The commission by Sky Arts continues a relationship the channel has had with Mr Palmer, most notably in screening last June his epic film biography — it was 140 minutes long — of the life of Athol Fugard, the South African playwright and veteran anti-apartheid campaigner. The film — to be shown again in full on Sky Arts on October 27 at 9pm — not only includes extensive interviews with Fugard, who is the most-performed living playwright in the English-speaking world, but also extracts from many of his most notable plays. No mainstream network in Britain was interested in the film: which, given Fugard’s eminence and Mr Palmer’s international reputation (he has cabinets full of awards, including several Emmys) was a tragic comment on the assumptions television executives make about their audiences these days. South Africa is no longer a story in Britain: the great struggle is over there, and the same people who cheered on those who fought for liberty and democracy there are now disgusted or embarrassed by the violent, corrupt and increasingly primitive society that seems to have evolved there. When the time comes that South Africa is no longer out of sight and out of mind, perhaps its culture, and representations of it such as Mr Palmer’s Fugard film, will receive the attention and respect they merit.

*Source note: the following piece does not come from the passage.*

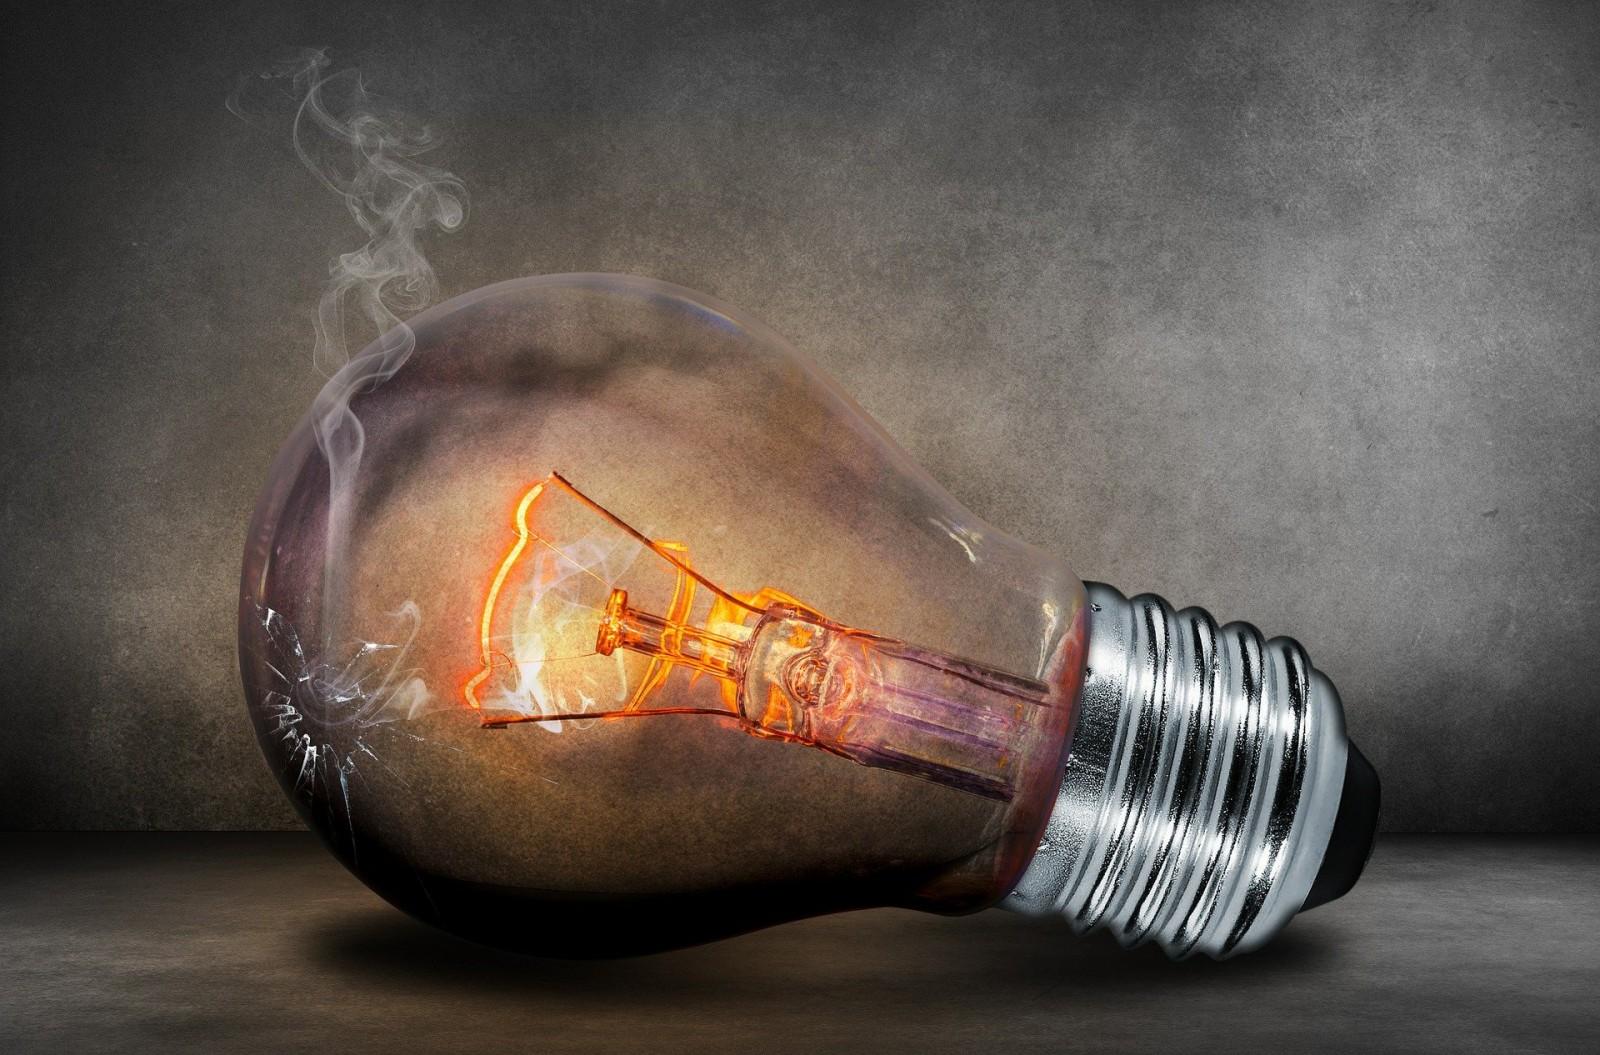 Новый летний максимум потребления электричества зафиксирован в Элисте

The films on Britten, however, will not be buried, or have to wait for attention. The genius of A Time There Was lay in the way it captured the atmosphere of the closed circle of Britten and Pears in Aldeburgh; partly because of the use of location filming, partly because of the access Mr Palmer had to Pears and others who had been close to the composer, including members of his family; and partly because of the director’s implicit understanding of the genesis and message of Britten’s works. I was still in my teens when I saw its original broadcast on television over 30 years ago; it converted me from someone with a passing interest in Britten to one who yearned to hear more, explore more and learn more. It would be surprising if those yet to see the film for the first time, more than a generation after its premiere, did not find it had the same effect on them.

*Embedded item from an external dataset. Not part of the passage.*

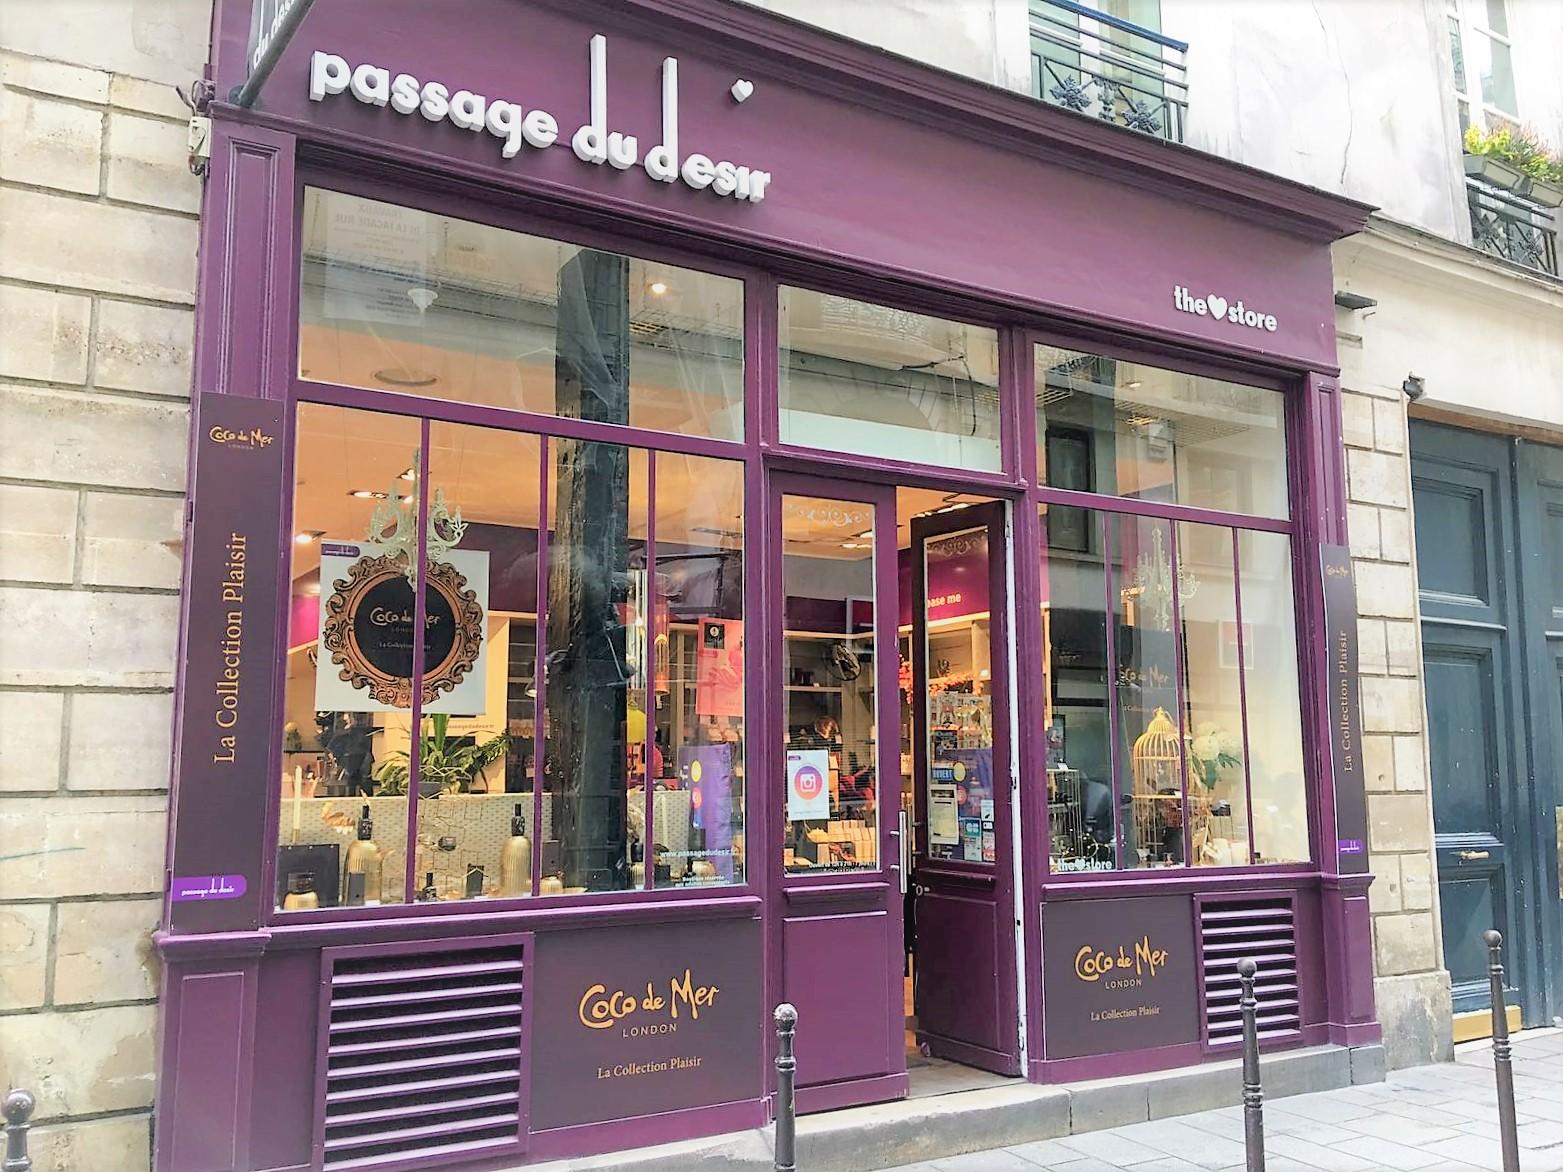 Coco de Mer Passage du Désire in Paris

What, though, of the future of television as a medium for films about the arts? We passed through a golden age in the 1970s and 1980s, when Mr Palmer’s films were to be found on television, usually under Lord Bragg’s patronage on The South Bank Show, almost annually. Those days have gone. He made a superb film about Vaughan Williams, whose television premiere, on New Year’s Day 2008, was on Channel 5 before lunch. A subsequent relationship with the BBC was distressingly short, though it produced a ravishing film on Gustav Holst, shown last year: but the artistic disagreements between Mr Palmer and one or two BBC executives, who did not seem to understand the point of him in the way that Lord Bragg did, were well documented in the press.

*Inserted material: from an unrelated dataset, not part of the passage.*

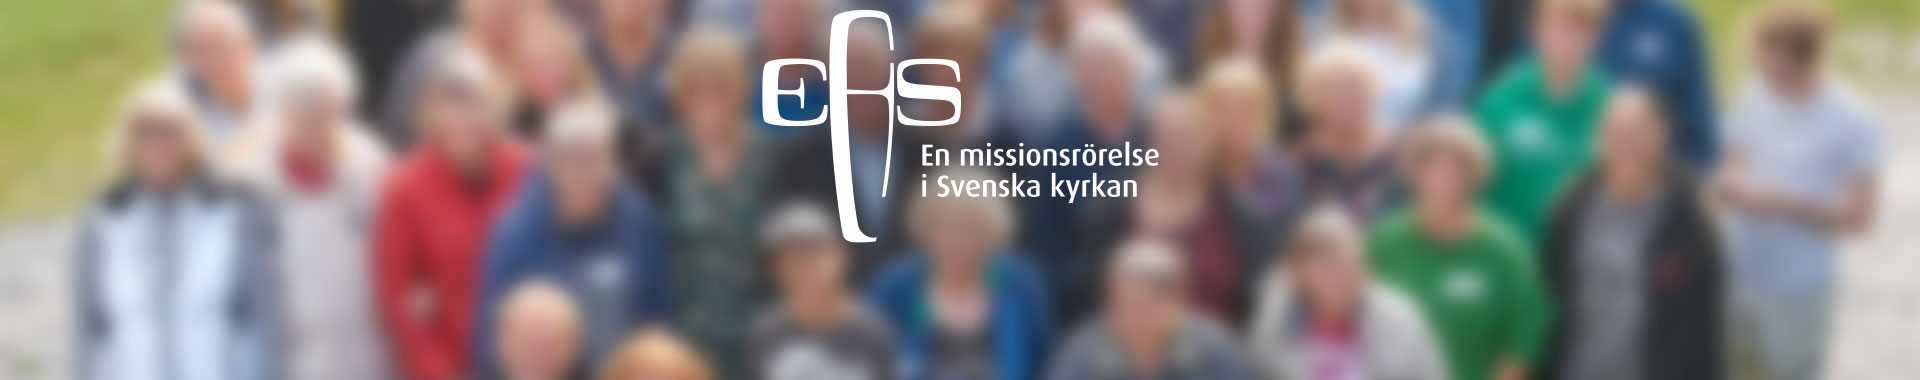 EFS i Södertälje

That Sky Arts is prepared to back such film-making — film-making whose message might not always be predictable, and which cannot always be contained within the now, apparently, standard 47 minutes — is more than simply positive. Such films open the door to the wider world of culture that our education system no longer provides for. And for those of us who harbour the reactionary belief that broadcasters really are there to inform, educate and entertain, penetrating documentaries about the arts are essential to the process.